- _Task brief_: Please transcribe exactly the lines from the line holding "Der wollbraune Zopfstrickpullover" through the end of the data below, and skip any pictures.

- _Raw data_:
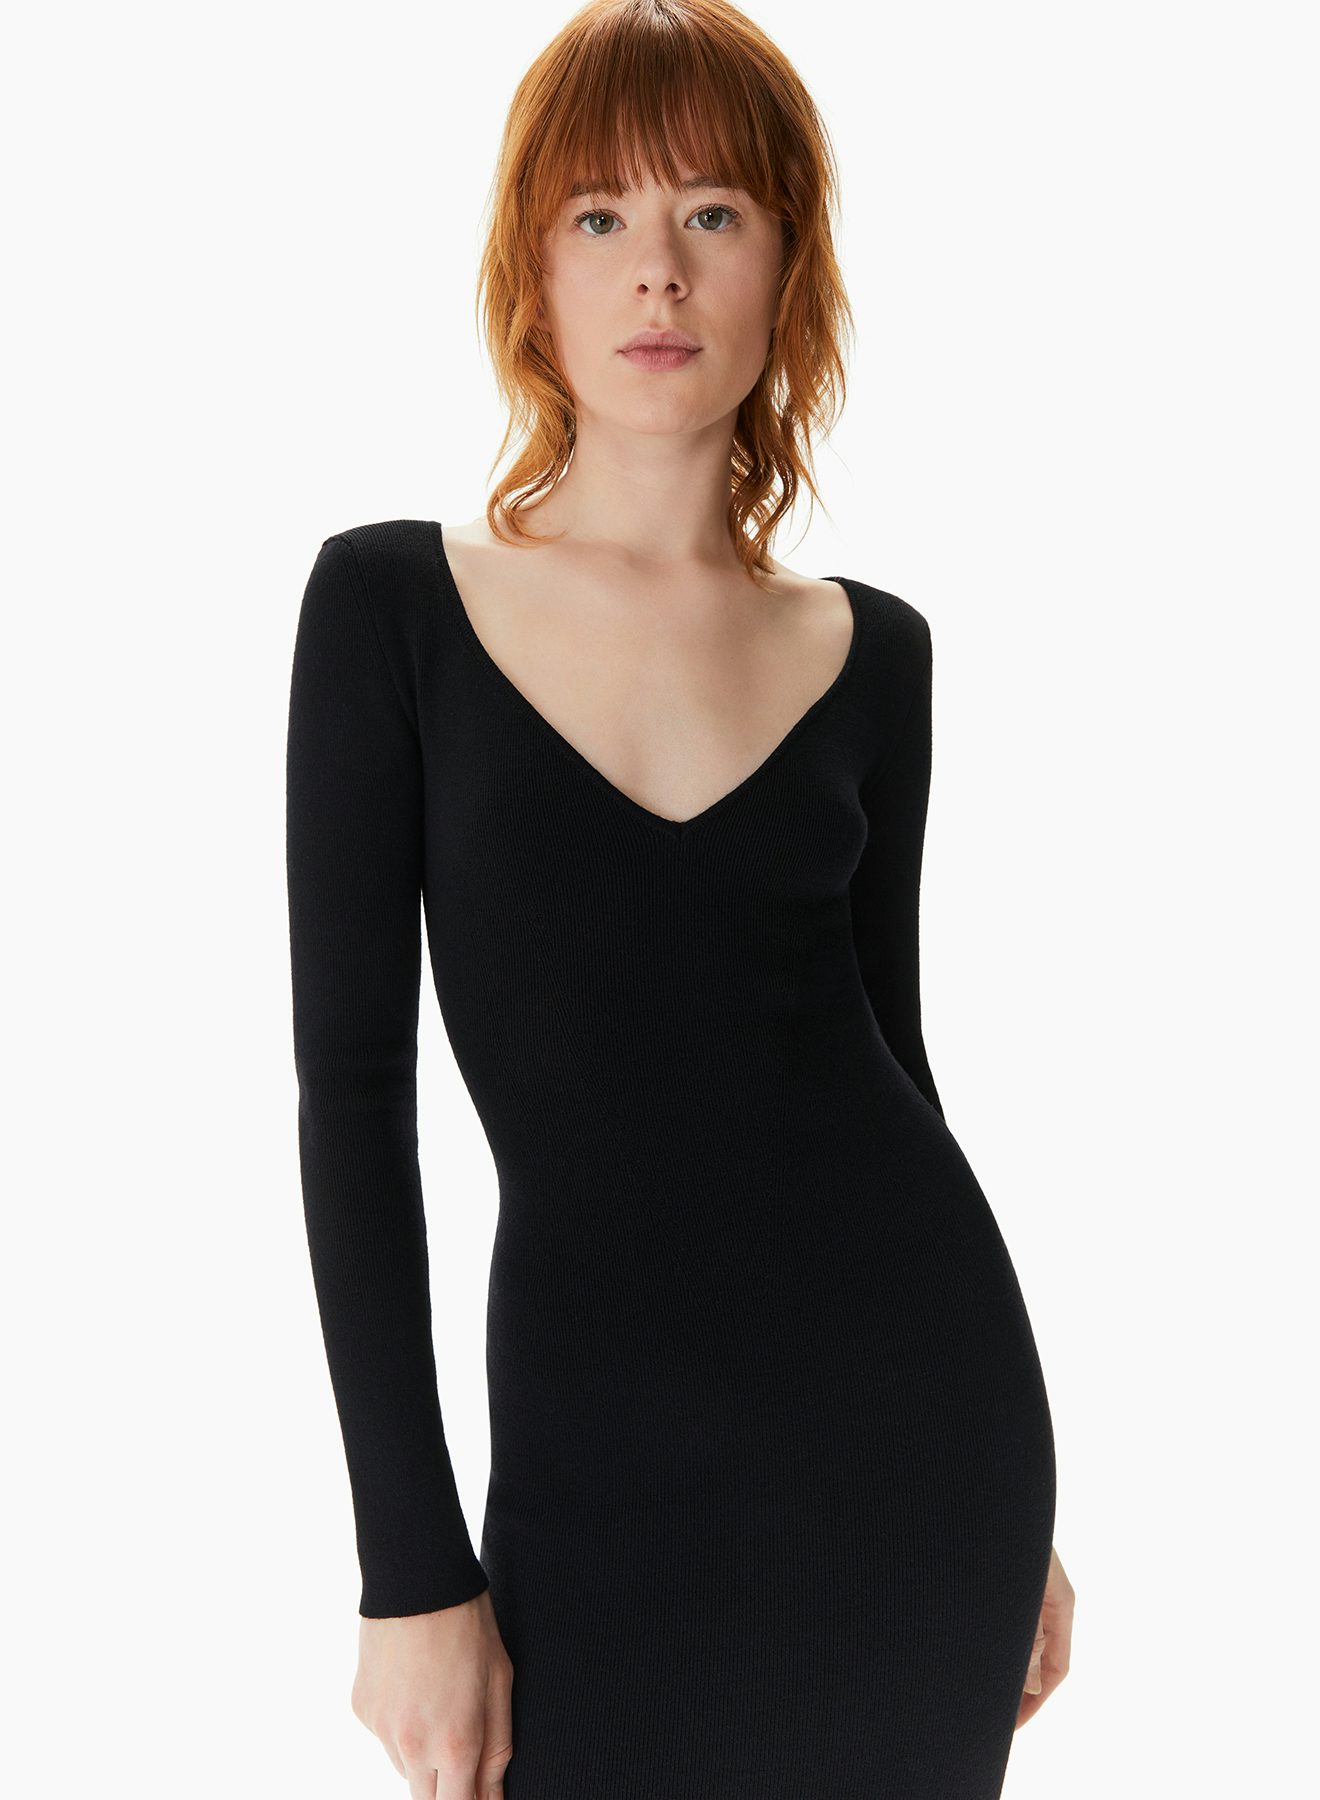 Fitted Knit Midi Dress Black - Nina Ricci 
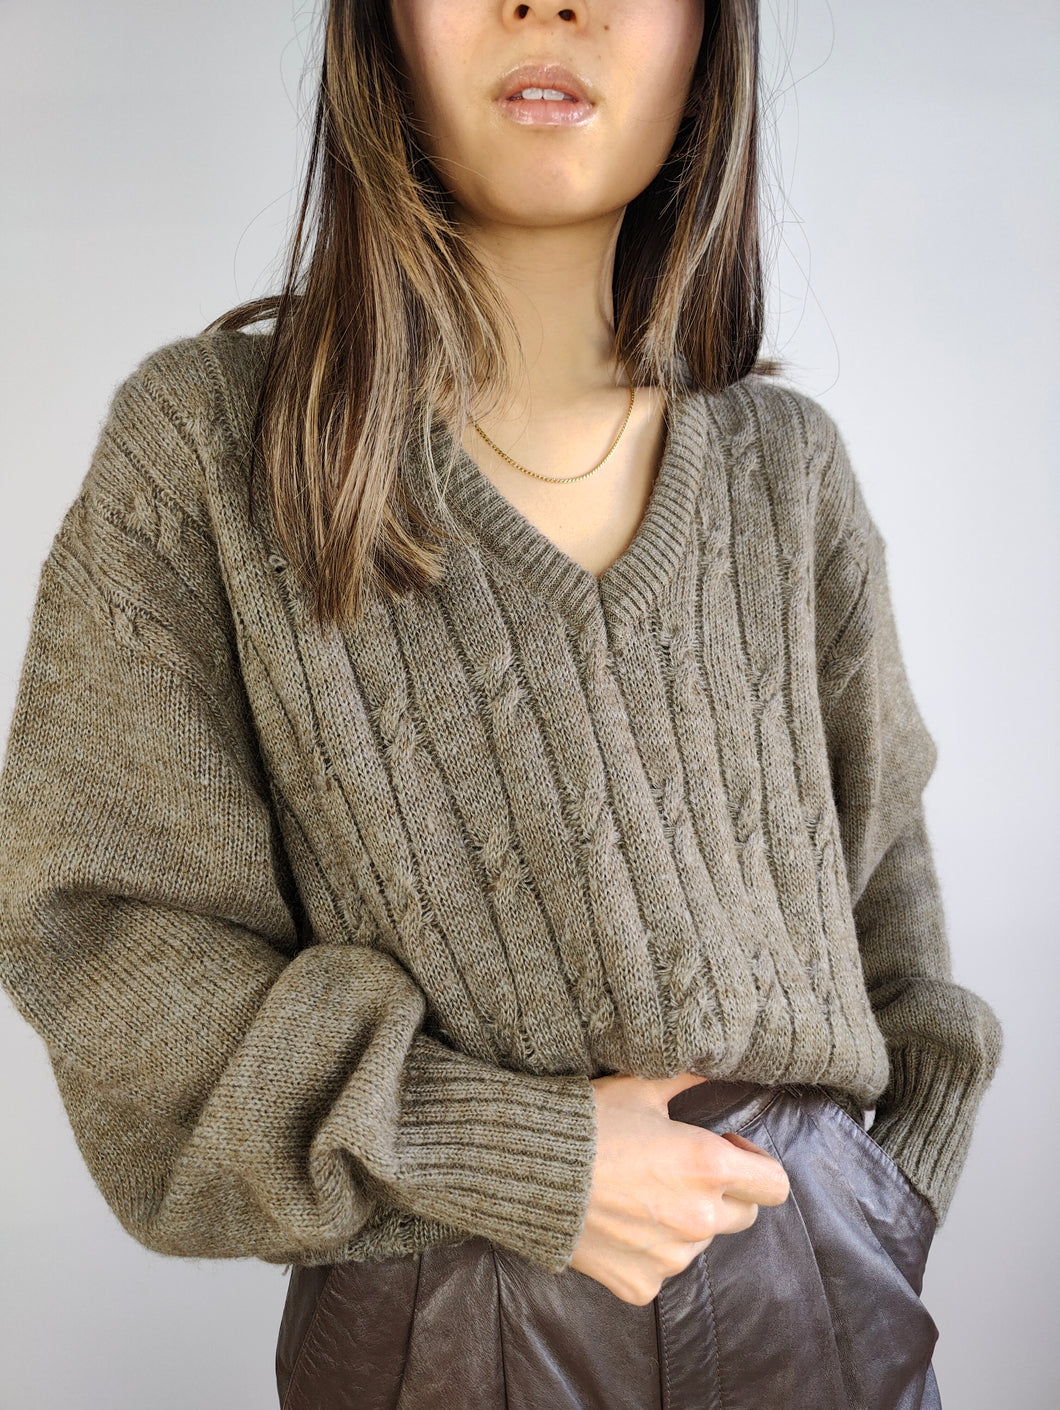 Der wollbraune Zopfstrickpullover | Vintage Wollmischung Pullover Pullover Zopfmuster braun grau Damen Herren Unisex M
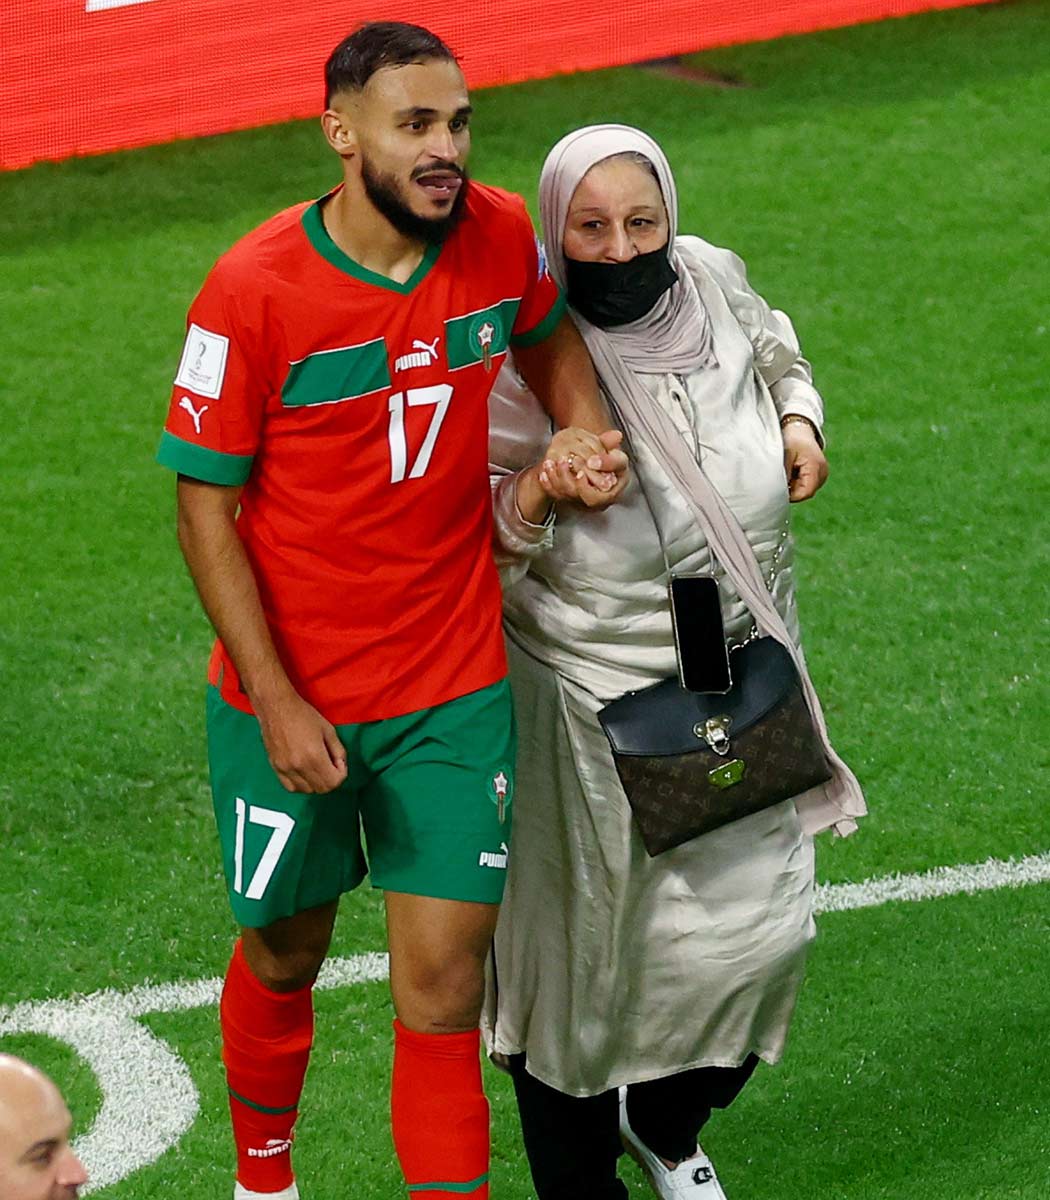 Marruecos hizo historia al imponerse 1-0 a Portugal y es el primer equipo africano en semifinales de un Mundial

- _Solution to this problem_:
 Der wollbraune Zopfstrickpullover | Vintage Wollmischung Pullover Pullover Zopfmuster braun grau Damen Herren Unisex M
 Marruecos hizo historia al imponerse 1-0 a Portugal y es el primer equipo africano en semifinales de un Mundial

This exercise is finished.